Eighteen months post-transplant, the patient came with a thyroid nodule that was discovered accidentally after doing a neck ultrasound. There was no prior history of irradiation exposure or any family history of thyroid disease. There was no associated lymphadenopathy, and systemic examination did not reveal any significant findings. He was euthyroid with normal thyroid function.

Neck ultrasound revealed asymmetrically enlarged both thyroid lobes showing foci of calcification and increased perinodular vascularity with the largest nodule was on the left side measuring 1.8x1.2 cm.

Although the initial fine needle aspiration cytology (FNAC) results were inconclusive (colloid nodule with secondary hemorrhage), we decided to perform total thyroidectomy due to the sonographic suspicious criteria. Total thyroidectomy confirmed the diagnosis of micro invasive papillary carcinoma with no capsular and vascular invasion.

Grossly, the lesion appeared as solid firm whitish nodule of about 1.5 cm in diameter. Microscopically, it showed the typical features of papillary carcinoma of the thyroid. There were papillae showing complexity and branching. The papillae were lined by cuboidal cells with stratification. The nuclear features were mostly apparent in the form of ground glass (optically clear), overlapping and grooving (Figure 1A-B).

The tumor was T1N0M0 on TNM staging with no lymph node invasion or distant metastases.

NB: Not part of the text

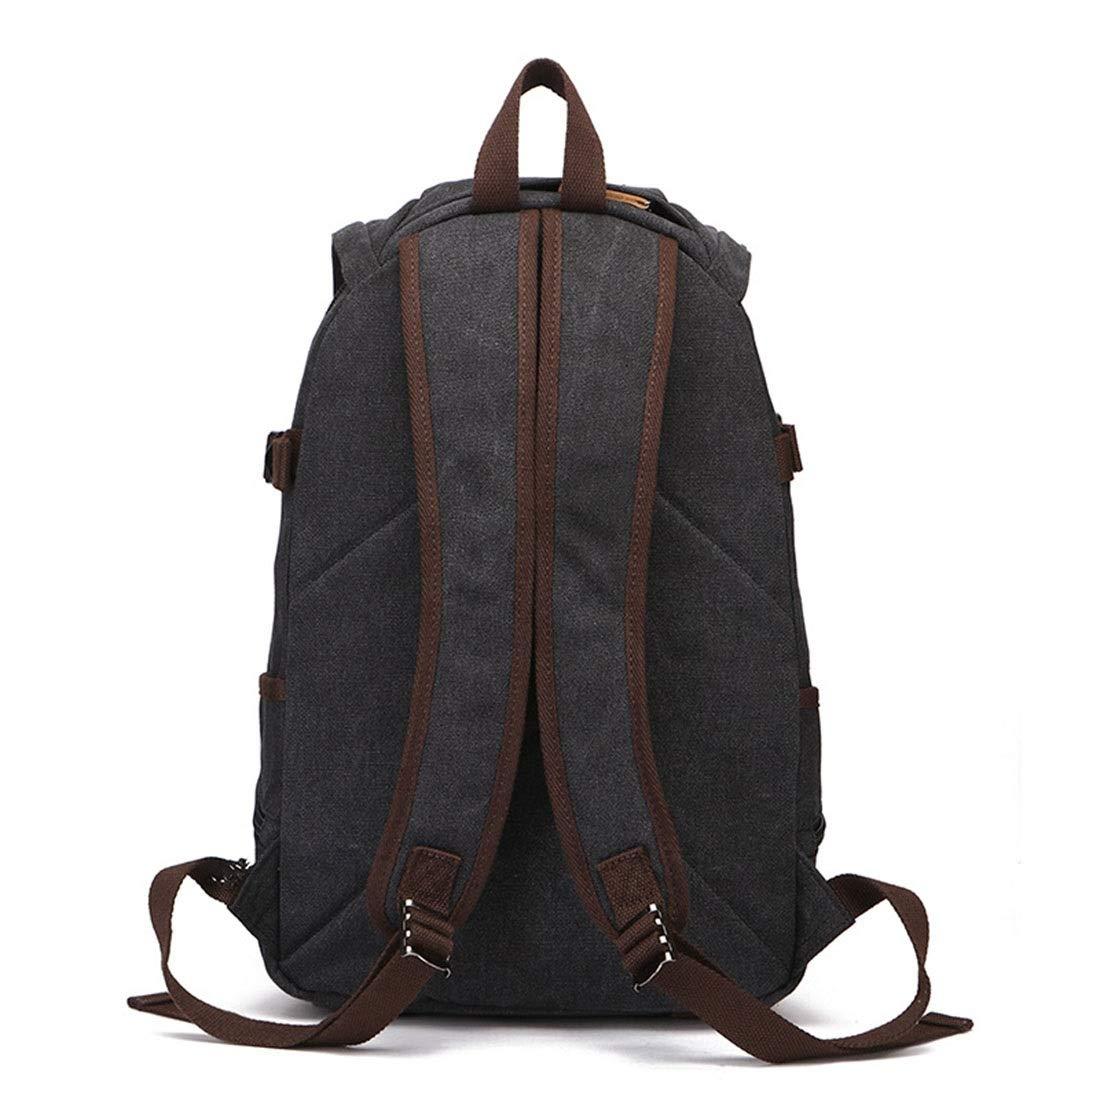 Ryggsäck män/kvinnor ryggsäck dagväska vattentät vintage dragkedja kanvas skola laptop väska utomhus vandring män ryggsäck (färg: svart) Svart

Post-operative, suppressive dose of eltroxin was prescribed for the patient with close follow-up.

Acquired immunodeficiency conditions are always associated with an increased risk for de novo malignancy. Organ transplantation is considered as an induced state of immunosuppression and, is commonly associated with higher probability for developing neoplasms [7].

De novo malignancy is a well-recognized complication of solid organ transplantation and associated immunosuppression. The risk of developing de novo malignancy after liver transplantation is about 1% per year, but the incidence varies between 3% and 15%, rates that are far greater than those in the general population [1][2][3].

The development of such malignancies can be caused by a multifactorial combination of individual and regional predispositions to malignancy, pretransplantation disease states, recipient viral status, the use and intensity of various immunosuppressive regimens to maintain allografts [8].

This complication is a major cause of late death in liver transplant recipients, responsible for 25% of the deaths occurring in patients who have survived more than three years post-transplantation [9].

The improvement in immunosuppression and better management of transplanted patients has led to a marked increase in post-LT survival. However, two main pitfalls exist: recurrence of HCV and the long-term side effects of immunosuppression [10].

Protocol for immunosuppressive drugs has changed in the past decades. Overall, the triple therapy for immunosuppression was the standard of care from 1991 to 1995 (cyclosporine, azathioprine and steroids). After 1995, significant changes were developed, consisting primarily in the use of more potent agents [mofetil mycophenolate (MMF), tacrolimus, sirolimus, anti-IL2 receptor antibodies] and the earlier stoppage of second line drugs, such as steroids [7].

Based on the recent introduction of newer and more potent immunosuppressive drugs in the LT arena, Benlloch et al. hypothesized, first, that the number of de novo tumors would increase in recent years; and second, that these tumors may follow a more aggressive behavior [7].

Schmilovitz et al. in their study failed to observe a correlation between tumor development and the type of immunosuppression, the occurrence of rejection episodes, or OKT3 use [11].

Accurate data such as the median interval between solid organ transplantation and the occurrence of the thyroid carcinoma, age range and sex ratio were not discussed in literature.

The patient was commenced on suppressive thyroxine supplements and thyroglobulin levels were monitored to detect recurrent or persistent disease following total thyroidectomy.

Care should be taken towards any significant symptom or sign suspicious for malignancy for post-transplant patients. The idea of having a routine screening program to detect de novo tumors for those patients should be discussed more.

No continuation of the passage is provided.